March 26th marked five years since SolarWinds first unknowingly shipped malicious code to customers, in what would become one of the biggest cyber attacks of all time. The attackers infiltrated SolarWinds in late 2019, laced its Orion product – which helps organisations to monitor and manage their networks – with the SUNBURST Trojan in March 2020, with customers discovering the malware in December – nine months later.
Because SolarWinds’s solutions were so widely used, it’s estimated that 18,000 companies were impacted. This included multiple critical US federal agencies, household names in the business landscape like Microsoft and Deloitte, and even the NHS.
This software supply chain attack changed the security landscape, with shockwaves felt well outside our profession’s usual remit. Geopolitical tensions were raised, with Donald Trump (the sitting President) – wrongly – accusing China of the attack. Within a few months, new President Joe Biden attributed the attack to Russia’s infamous Cozy Bear hacking group. Diplomats were expelled, distrust between nations grew as cyberespionage became front page news.

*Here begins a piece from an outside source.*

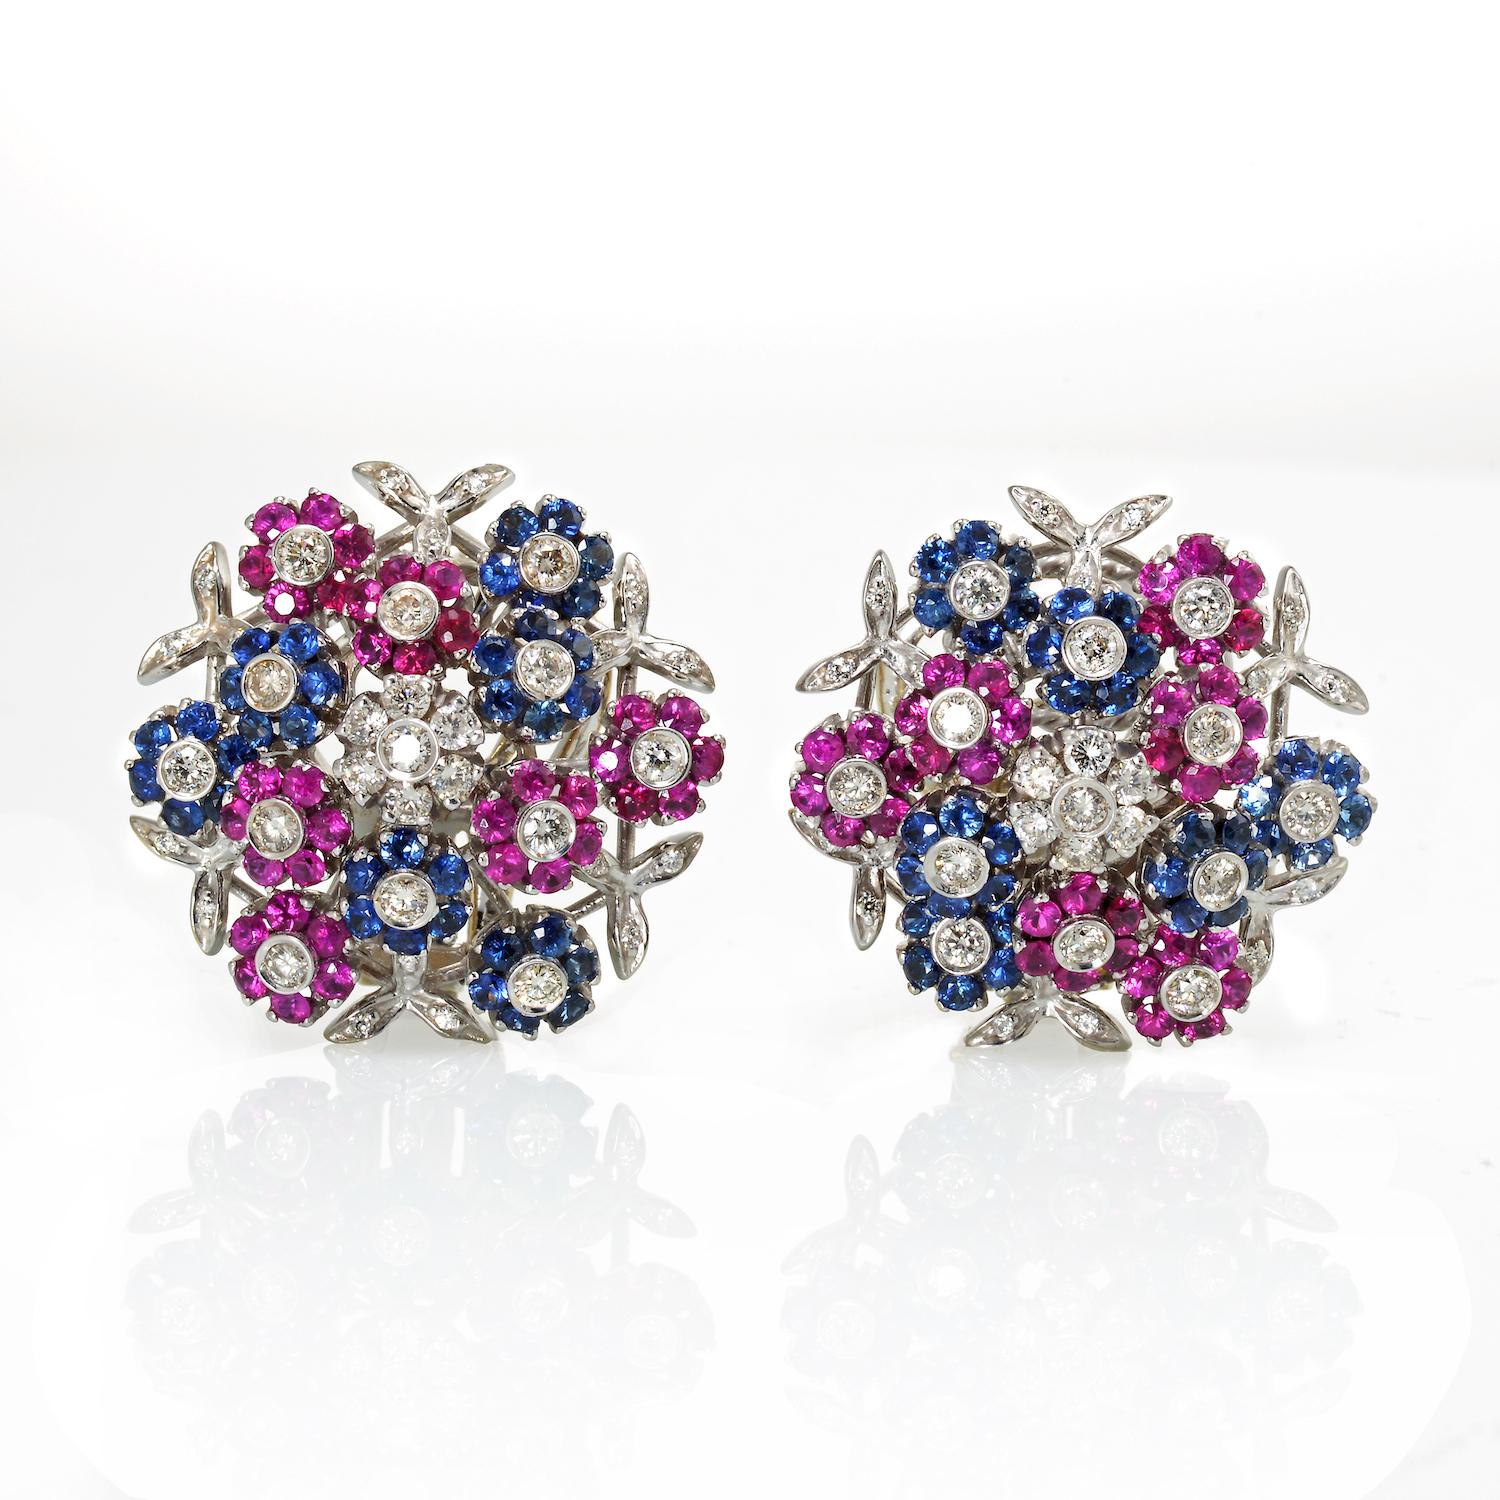 Modern Cartier Tremblant 18K White Gold Diamond, Sapphire and Ruby Clip-On Earrings For Sale

Lawsuits also followed. SolarWinds was taken to court by impacted customers, and then its own board members over the drop in share price caused by the attack. Perhaps the most devastating lawsuit – particularly for the cybersecurity profession – was that of SolarWinds’s CISO, Timothy Brown, who was criminally charged by the SEC for downplaying security risks. This was a watershed moment – for the first time a CISO was held directly accountable for an attack.
Legislations were also introduced in the wake of the attack. Brown’s case set a precedent, and SEC has since imposed rules that increase accountability on CISOs if financial reports don’t accurately portray their company’s risk posture. To help shore up federal cyber defences, Joe Biden also signed an Executive Order mandating Software Bill of Materials (SBOMs) for all third party software being supplied to government agencies.
Even though the attack shook the foundations of trust, five years on the dust has settled. But its impact is still felt. Our latest State of the Security Profession report had the attack second on the list of poorly handled breaches, more than four years after it took place. With that being the case, as a profession, what did we learn from SolarWinds SUNBURST?
We’ve had to up our game and cooperate more. Biden’s SBOMs laid a foundation for more transparency around exactly what’s in software solutions. Major players like Microsoft and Google, open source organisations such as The Linux Foundation and GitHub, and many more have all been more open about the components that make up software.
There’s been a shift in mentality too. Software supply chain attacks are often out of an organisation’s hands, so being resilient to the damage they cause is just as important as preventing attacks. This shoring up of defences and ensuring that gaps can be plugged rapidly represents a change in the cybersecurity profession – moving away from just prevention towards building resilience.
The profession has also learnt the hard way not to blindly trust security solutions. There’s no doubt that many of the organisations impacted by the attack – including SolarWinds – would have had some great cybersecurity tools in place. And yet, the attack still took nine months to discover. We’ve come to realise that even the best security solutions aren’t perfect, and assuming safety is a dangerous move. Organisations have since taken a much more layered approach to security, and the adoption of zero trust has become widespread.
Finally, security professionals and their roles have had to change. The SolarWinds SUNBURST attack put cybersecurity on the map – in a bad way – and inserted cyber risk into boardroom conversations. But to the layperson, a software supply chain attack can be a difficult concept to understand and cybersecurity is an innately jargon-filled space. Security professionals have been forced to communicate with non-technical stakeholders and learn to speak as the business does. While the core skills of the cybersecurity profession remain the same, we’ve had to adapt to become effective communicators.
That’s why continuous learning, development and professionalisation is so vital to preventing attacks and building resilience by translating the cybersecurity into language that everybody can understand. Bodies like CIISec offer the opportunity to learn new skills and gain new certifications that are crucial to the evolution of the cybersecurity profession.